Um Trio Improvável

Foi num fim de tarde chuvoso, próprio de Abril, que nos encontrámos na sala da lareira, no Centro Comunitário. A avó, Maria Berta (MB), tem 74 anos de força e generosidade, 15 deles dedicados ao voluntariado no CCPC. A neta, Maria (M), tem 15 anos de espontaneidade e doçura, e já muitas histórias para contar no que diz respeito à ética e à descoberta dos valores humanos. Ambas partilham uma admirável determinação para fazer a diferença.

Foi assim que avó e neta se juntaram para abraçar uma nova experiência e juntar a esse abraço a Marah e a Marlem. No fim de contas, são laços como estes que transformam a comunidade. Apresentamos a história do “trio improvável” do CCPC.

– Como é que tudo começou?

MB: Eu fui professora durante 34 anos, conheço o CCPC desde que existe, e comecei a fazer voluntariado cá desde que me reformei. Há dois anos o Centro acolheu uma família Síria e perguntaram se eu podia ajudar. Era preciso apoio para tratar de assuntos administrativos, compras, etc. E também apoiar os filhos com o idioma e com a integração. Nesse campo, sobretudo a filha mais velha, que vinha com fortes dificuldades, depois de passar os últimos anos entre a Turquia, Grécia e Portugal… tendo deixado todas as referências e amizades na Síria.

– É nesse contexto que confia a sua neta ao CCPC…

MB: Sim, as principais dificuldades da Marah eram a Matemática, e eu de Matemática não percebia nada. E foi então que decidi convidar a neta, que é mais ou menos da mesma idade, e que tinha as tardes de sextas-feira livres, para vir comigo!

– O que é que distingue esta menina de 15 anos das outras meninas de 15 anos?

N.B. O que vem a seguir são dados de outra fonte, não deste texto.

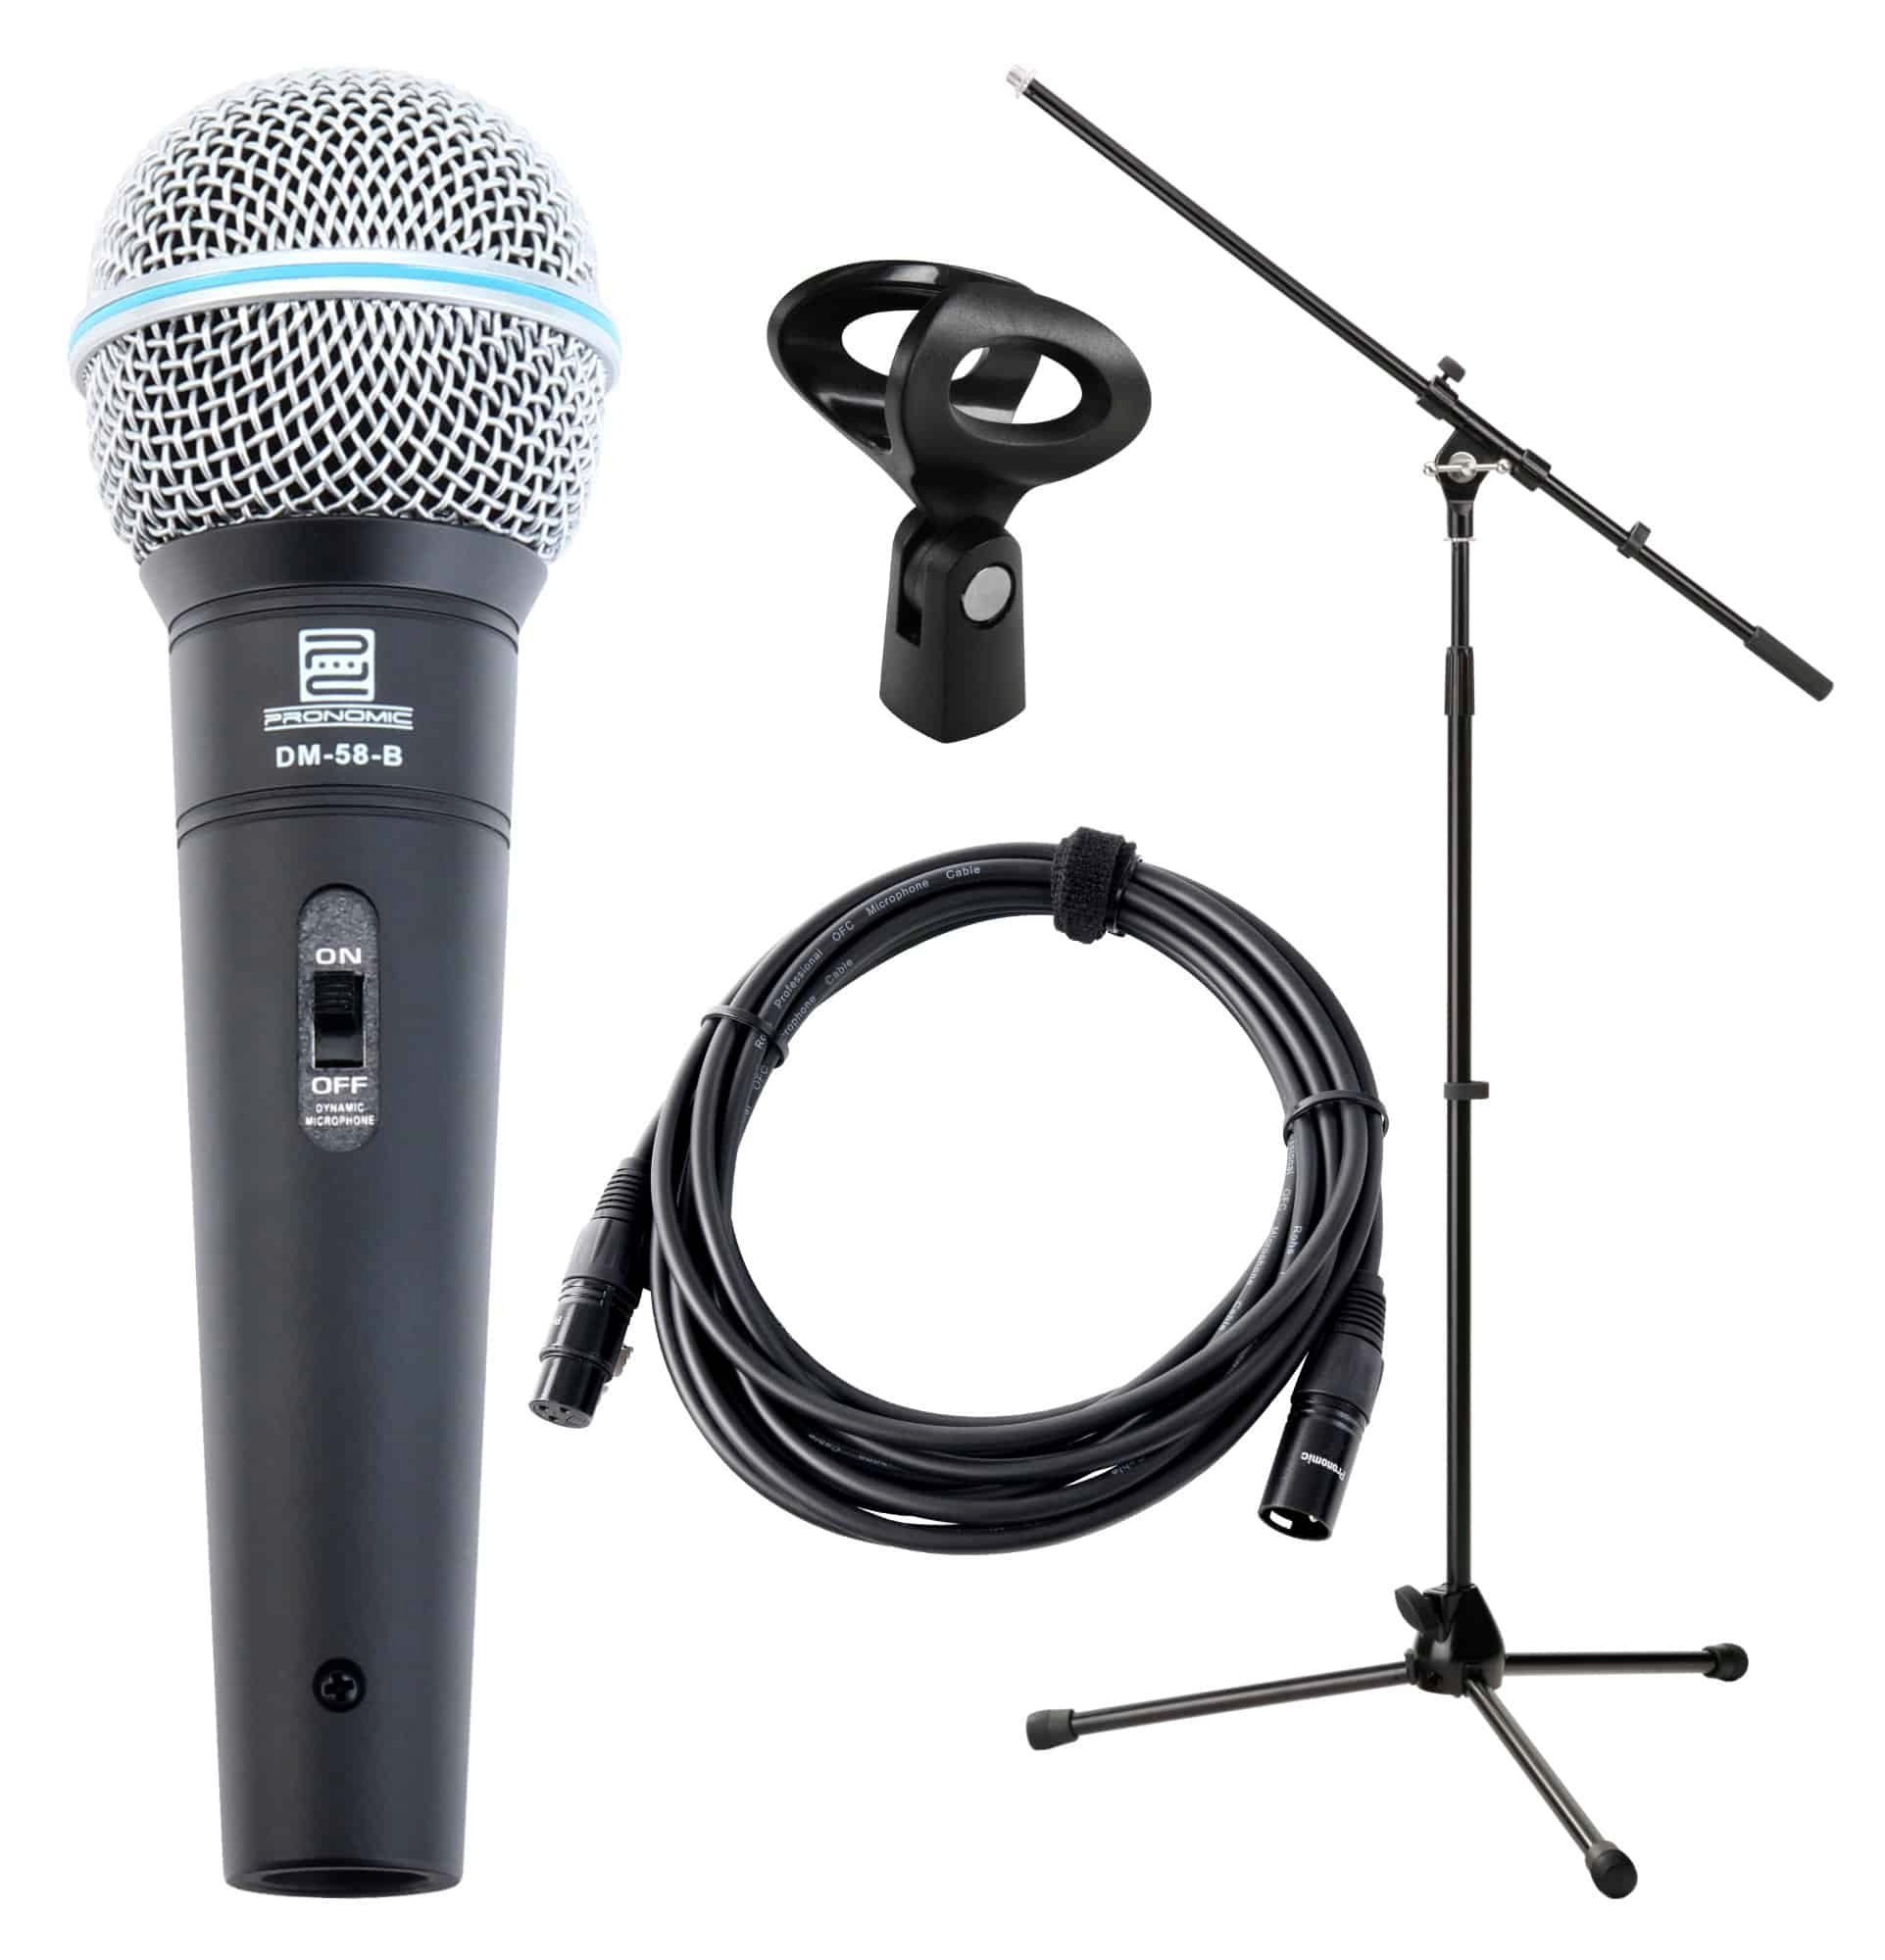 Pronomic Mikrofon DM-58-B Vocal Dynamisches-Mikrofon (Starter-Set, 4-tlg), Inkl. Stativ, Klemme, Gewinde, Etui und Kabel

MB: A Maria é escuteira, o pai também já teve experiências de voluntariado em contextos de situação de crise, e ela também já me ia acompanhando a mim… enfim, tem já um forte enquadramento de valores. E aceitou logo!

M: Tinha curiosidade, queria saber como era, queria ajudar. No início a Marah era muito tímida, muito mais do que irmão dela, dadas as diferenças culturais entre géneros. E eu convidei-a logo para ir assistir ao teatro da festa da minha escola, na altura. Avisei as minhas amigas que ela vinha, para não serem inconvenientes (risos). E desde então quando me convidam para ir a algum lado às sextas-feiras à tarde digo logo “Meninas, hoje não posso, porque tenho o Centro!”

– Quando é que perceberam que estavam a criar realmente uma mudança?

MB: Nós fazíamos vários exercícios de dinâmica de grupo, e a dada altura fizemos um em que era preciso cada uma dizer uma coisa de que gostasse. Tinha que ser algo daqui, de Portugal.

M: Eu respondi “de torradas” ou algo do género (risos).

MB: E a Marah respondeu: “da Maria”. E nós ficámos, assim, espantadas, sem saber o que dizer. Criou-se uma amizade autêntica.

– E como é que têm alimentado essa amizade?

MB: Olhe, já fomos passear, lanchar juntas. Já fomos convidados para ir a casa da família. E houve sinais culturais de confiança que nos emocionaram, de facto. Criaram-se laços fortes.

– E quando é que a Marlem entrou nesta história?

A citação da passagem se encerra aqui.